Specimens used in this work were molded in a temperature and humidity controlled environment (22 °C and 40%, respectively). It is important to note that the material had an appropriate pot life for the volume handled. According to Claro Neto15, not all crossed links occur during polymerization, i.e., they can go on occurring indefinitely, and an increase in the temperature can prompt their occurrence. Thus, specimens were polymerized in a micro-controlled kiln at 80 °C for 3 hours. This was done to promote residual polymerization as well as to reproduce the sterilization process to which this material is subject prior to implantation. Finally, specimens were faceted to ensure that transversal sections of the base and top were parallel and both perpendicular to their gyration axis.

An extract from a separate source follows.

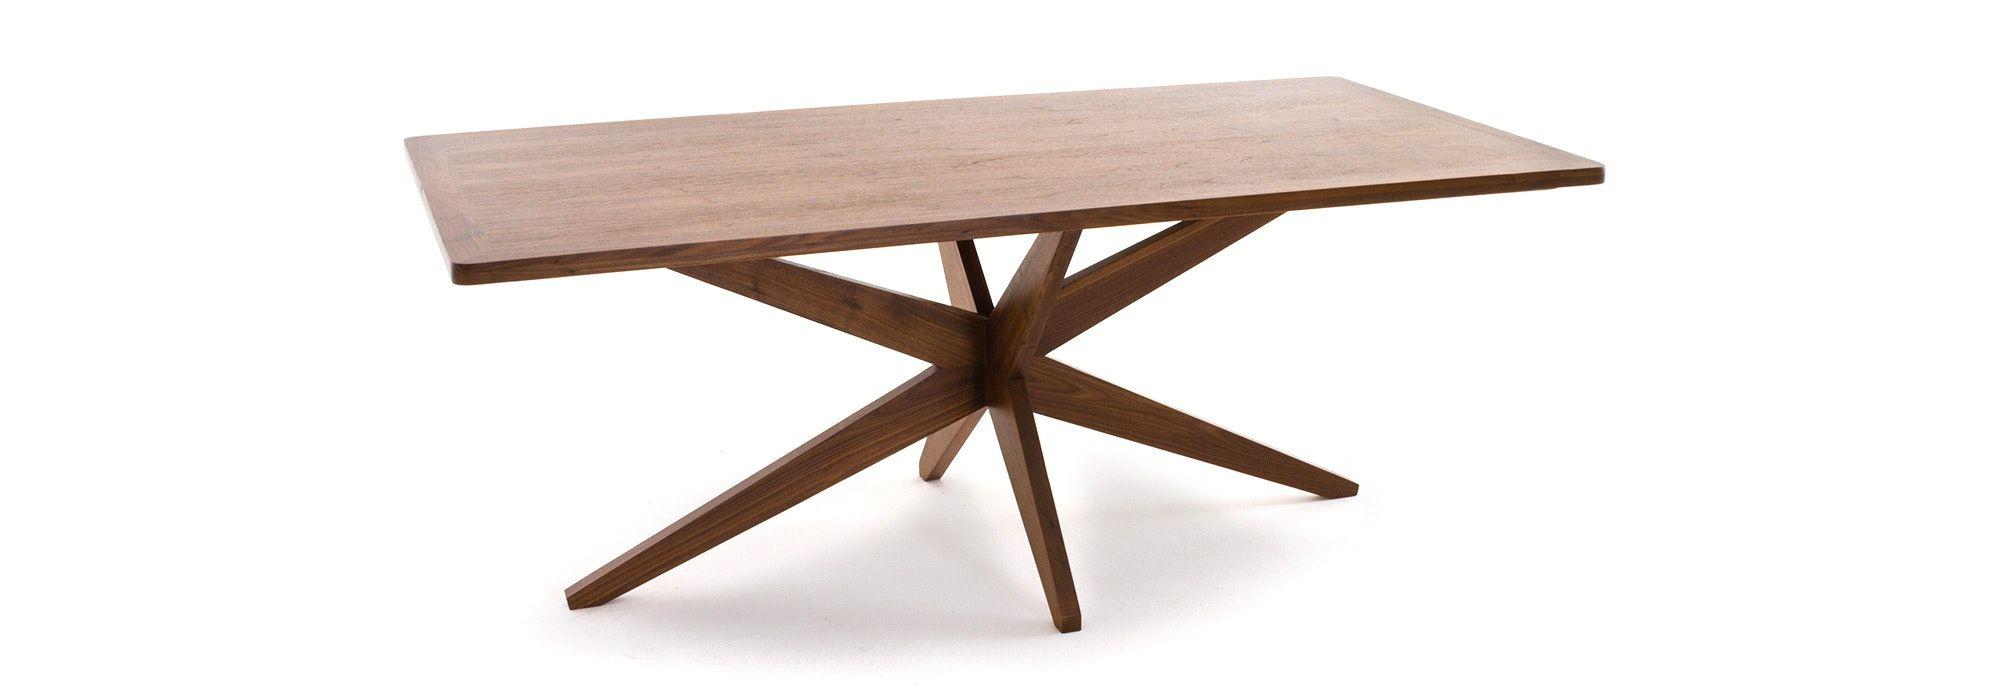 Jax Dining Table Joybird Round Dining Table Modern Mid
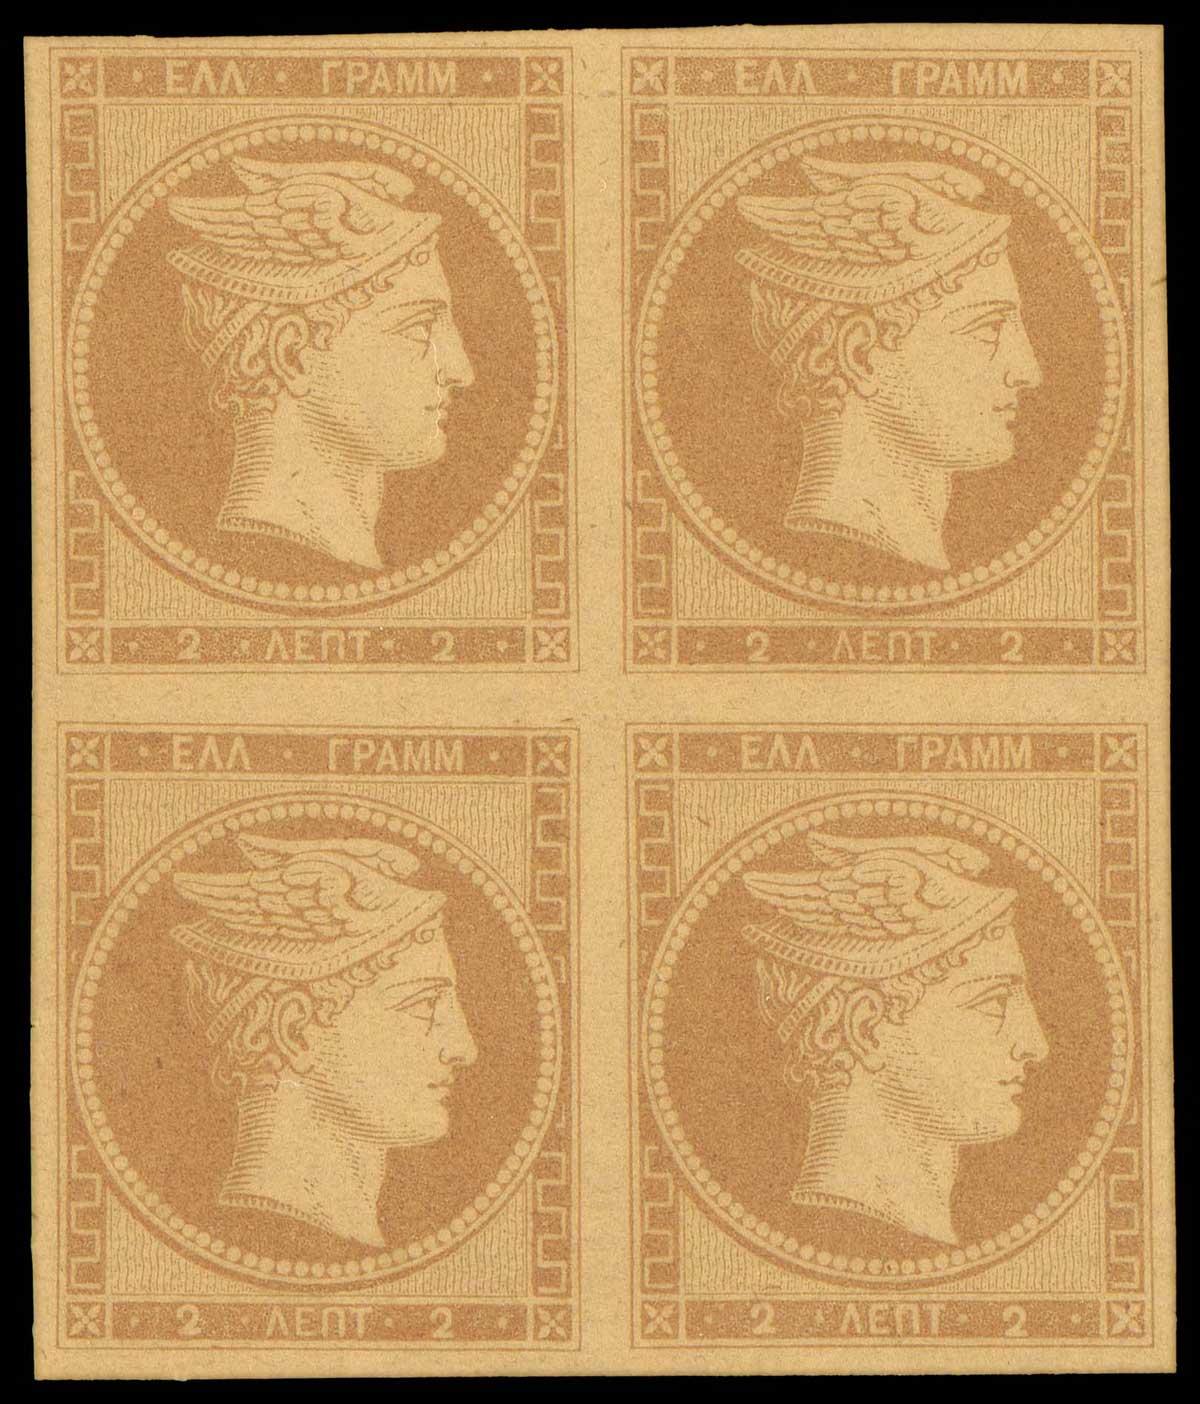 Lot 17 - GREECE-  LARGE HERMES HEAD 1861 paris print -  A. Karamitsos Public & LIVE Bid Auction 600 Coins, Medals & Banknotes

After dimensional adjustment, strain gages were affixed using an appropriate adhesive made of cyanoacrilate resin: CC-36KYOWA (KYOWA, 2004b)23. The employed strain gages were biaxial (KFEL-2-120-D34) and uniaxial (KFEL-2-120-C1), which can measure strains up to 15%24. To collect data via strain gages, a Hottinger Baldwin Messetechnik GmbH (HBM) acquisition system (MGCplus model with AB22A/AB32) was used.

2.2. Methods

The compression tests followed ASTM D695-9625 specifications, which suggest that specimens have section ratio of 2:1 length/transversal—25.4 mm length and 12.7 mm diameter in this case. The test rate for the above specifications was 1.3 ± 0.3 mm/min. However, after some preliminary tests, 0.8 ± 0.05 mm/min proved to be the most adequate velocity for the evaluated material. At least 5 specimens were used in each type of test.

Tests were divided according to their characteristics:

  • Monotonic tests;
  • Cyclic creep tests with loading/unloading; and
  • Cyclic stress relaxation tests with loading/unloading.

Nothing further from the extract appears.